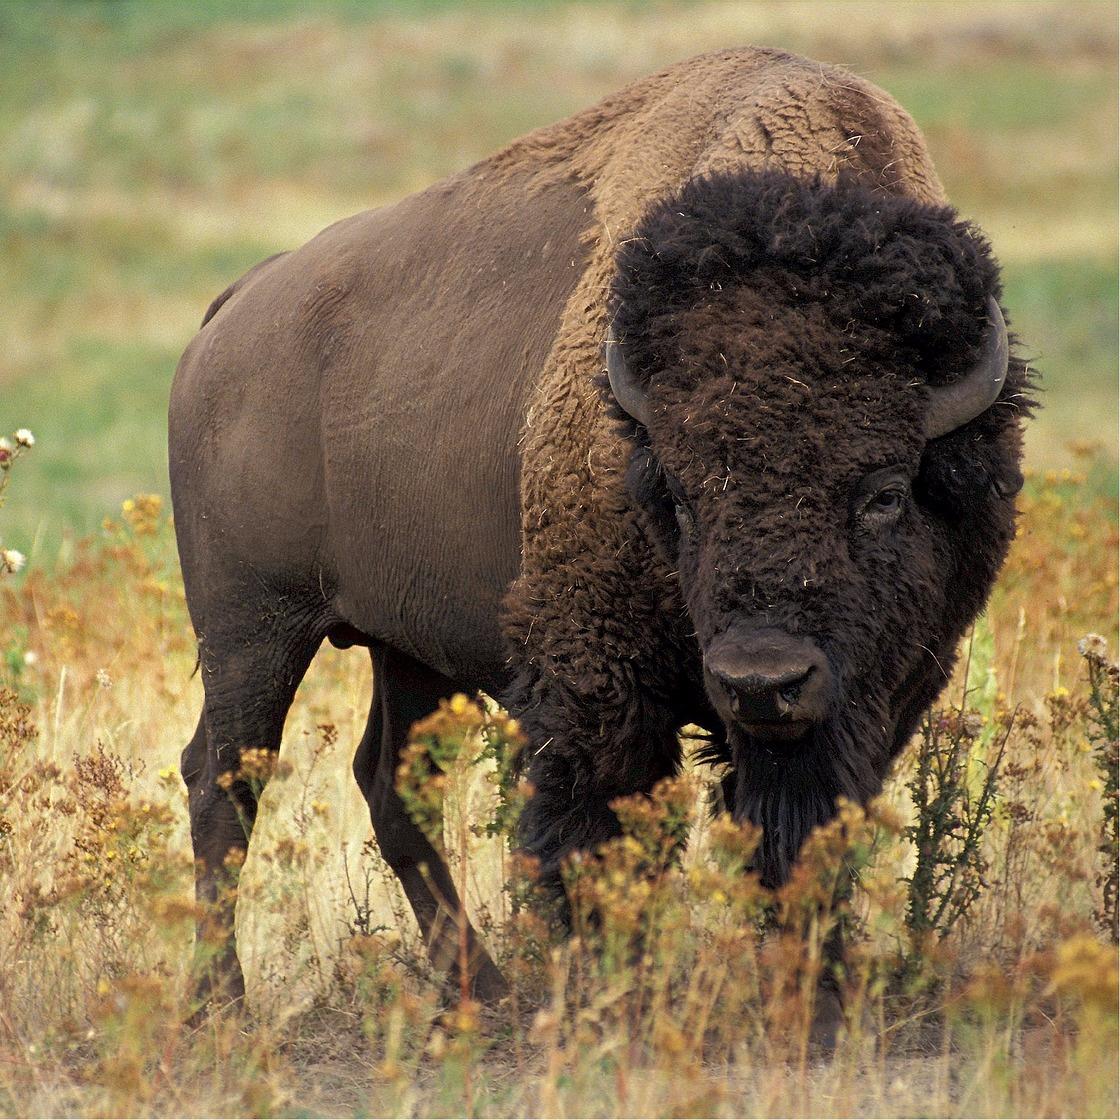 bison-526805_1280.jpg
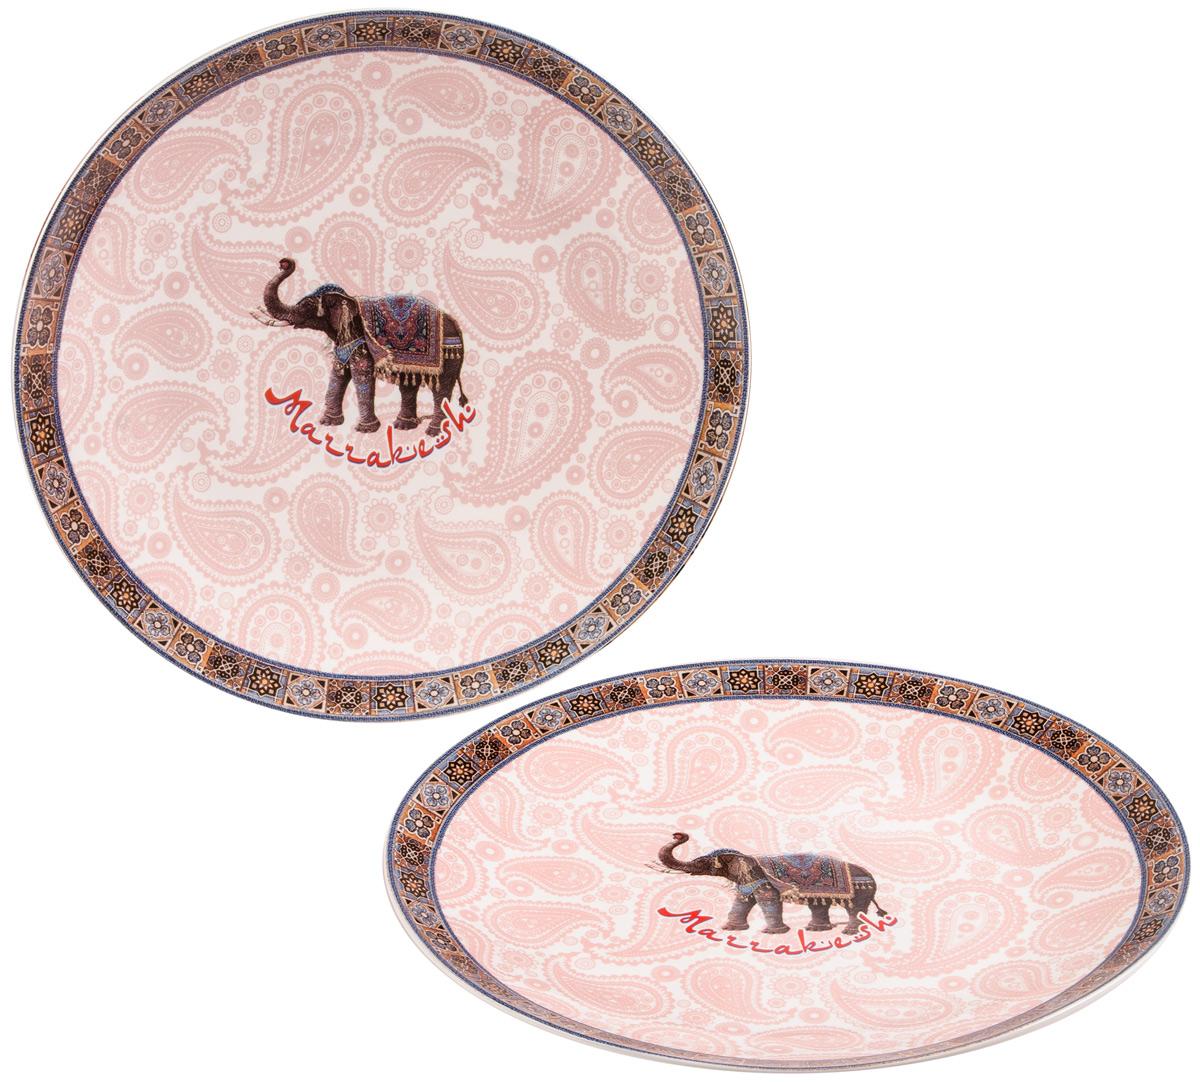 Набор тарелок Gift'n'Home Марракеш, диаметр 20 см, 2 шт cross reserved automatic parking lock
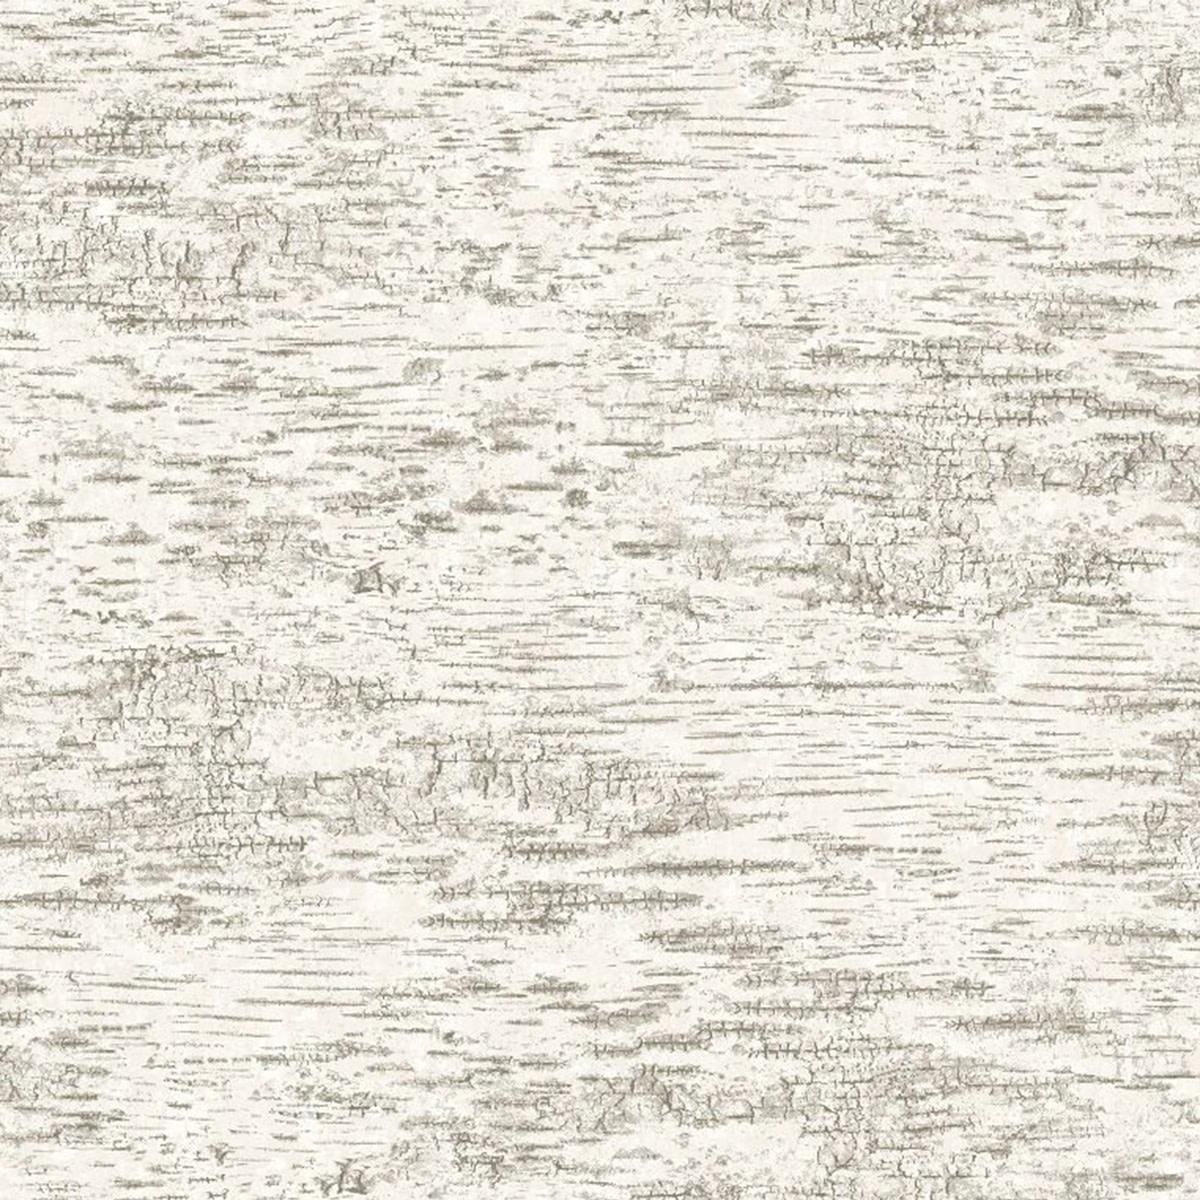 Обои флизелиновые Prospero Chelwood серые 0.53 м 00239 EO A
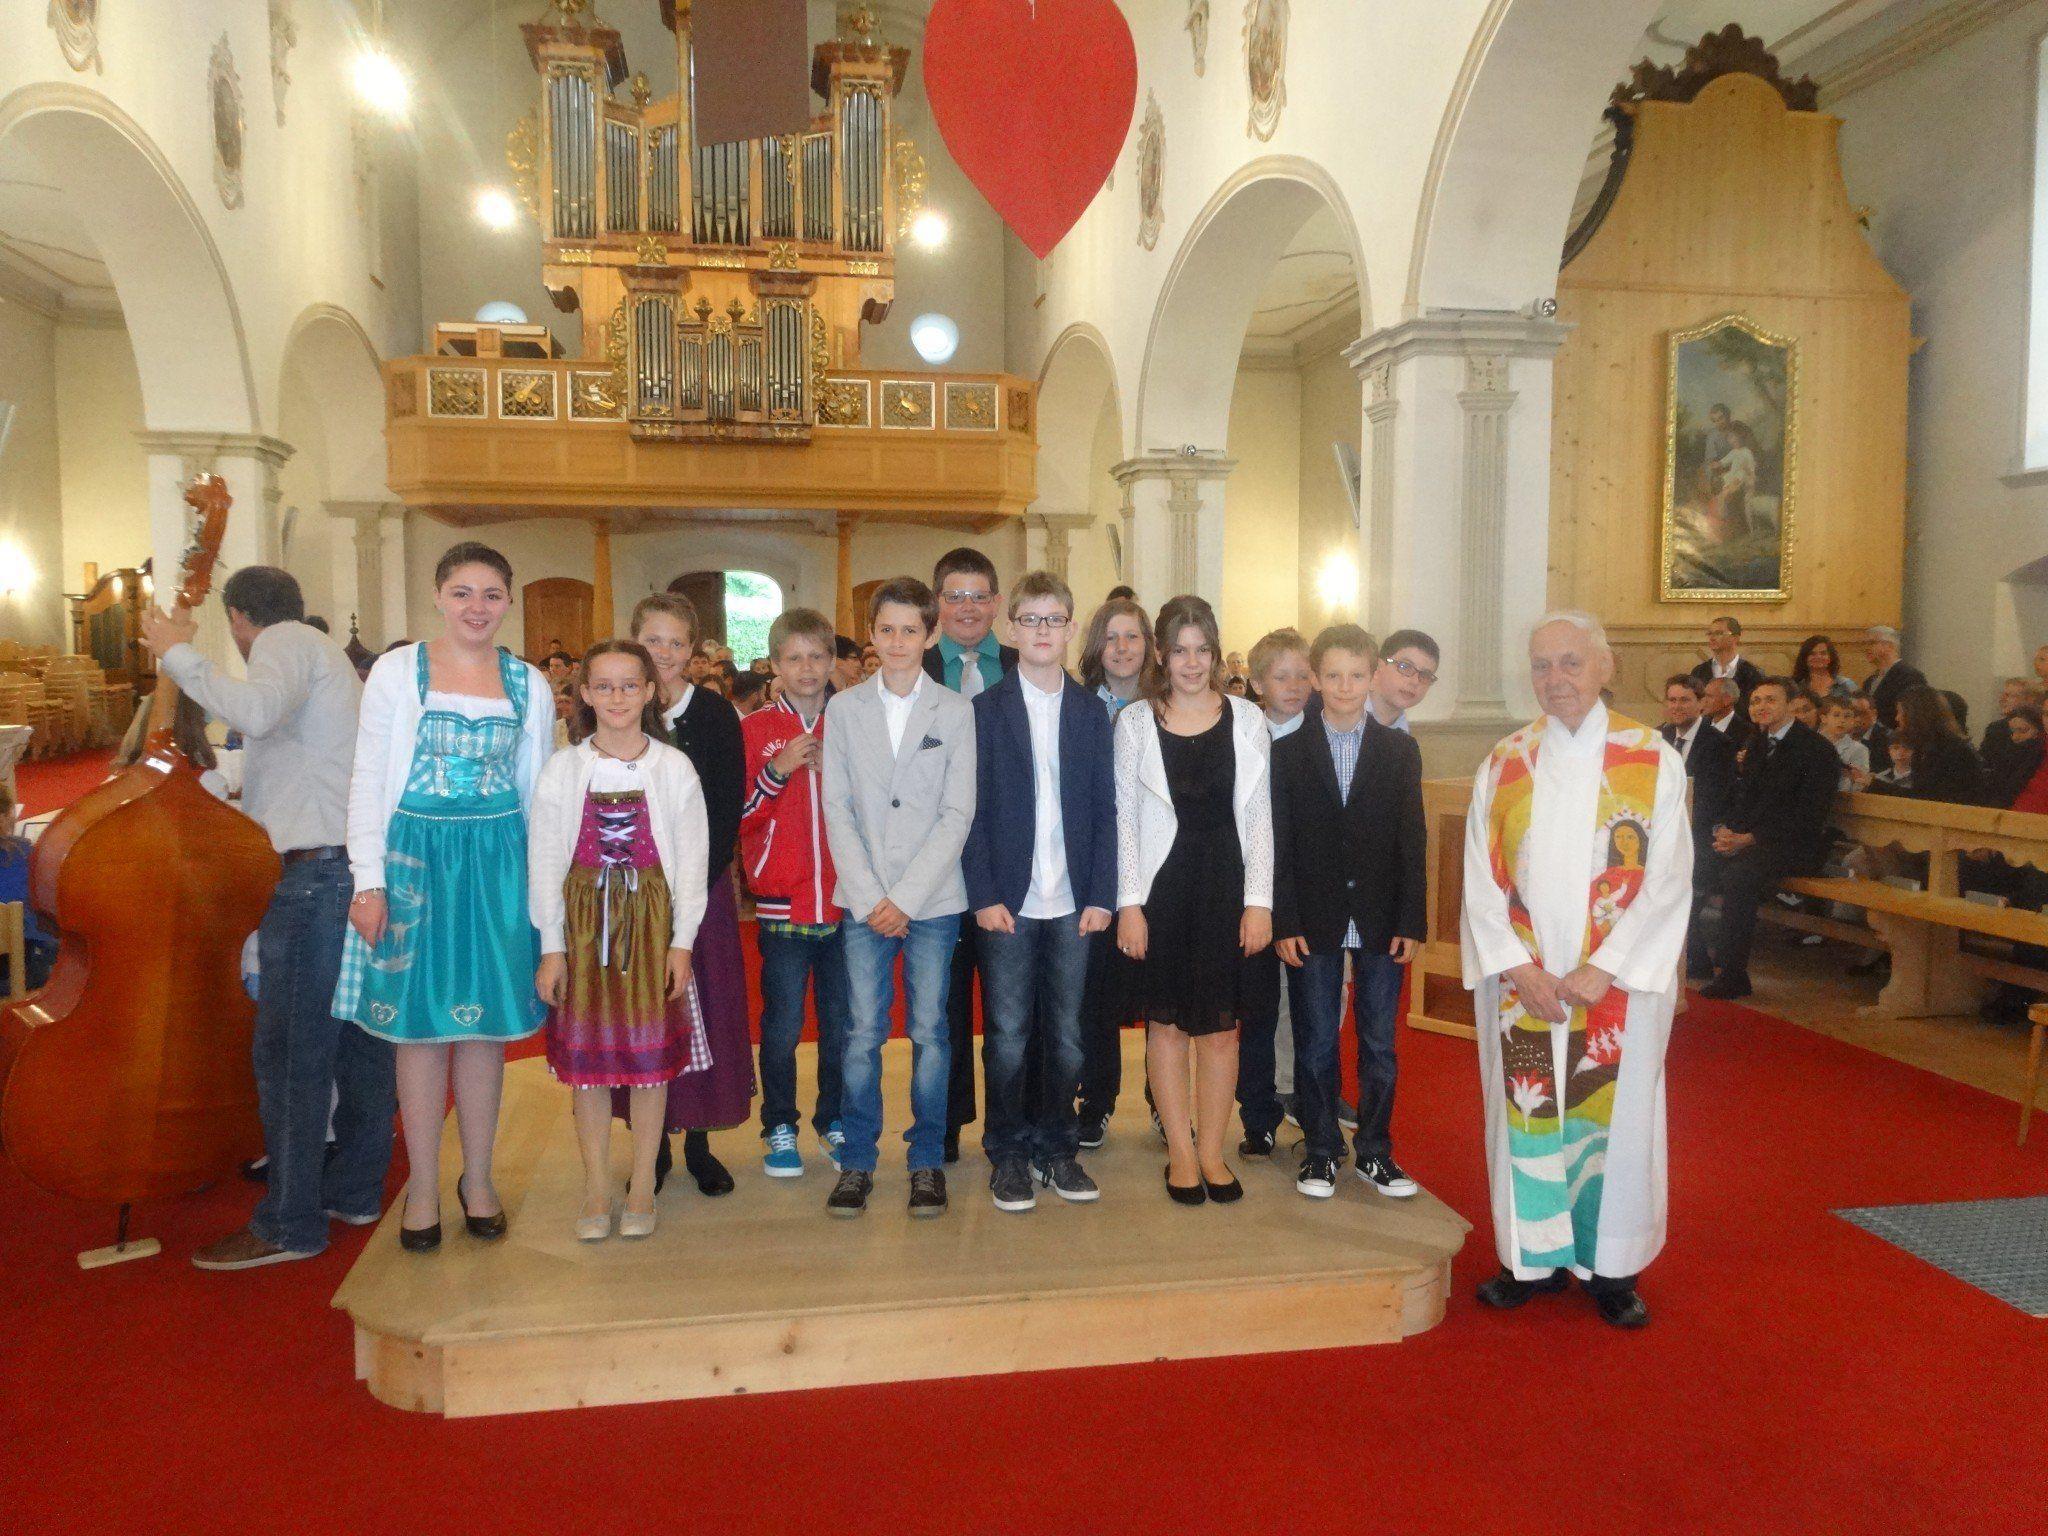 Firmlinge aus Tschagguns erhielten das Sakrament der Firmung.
● ● ● ●
### Exercise brief
Restrict the output to the lines from the one with "Набор тарелок Gift'n'Home" through the last line of the material above. Print them exactly, leaving out every picture.

### Solved exercise
 Набор тарелок Gift'n'Home Марракеш, диаметр 20 см, 2 шт cross reserved automatic parking lock
 Обои флизелиновые Prospero Chelwood серые 0.53 м 00239 EO A
 Firmlinge aus Tschagguns erhielten das Sakrament der Firmung.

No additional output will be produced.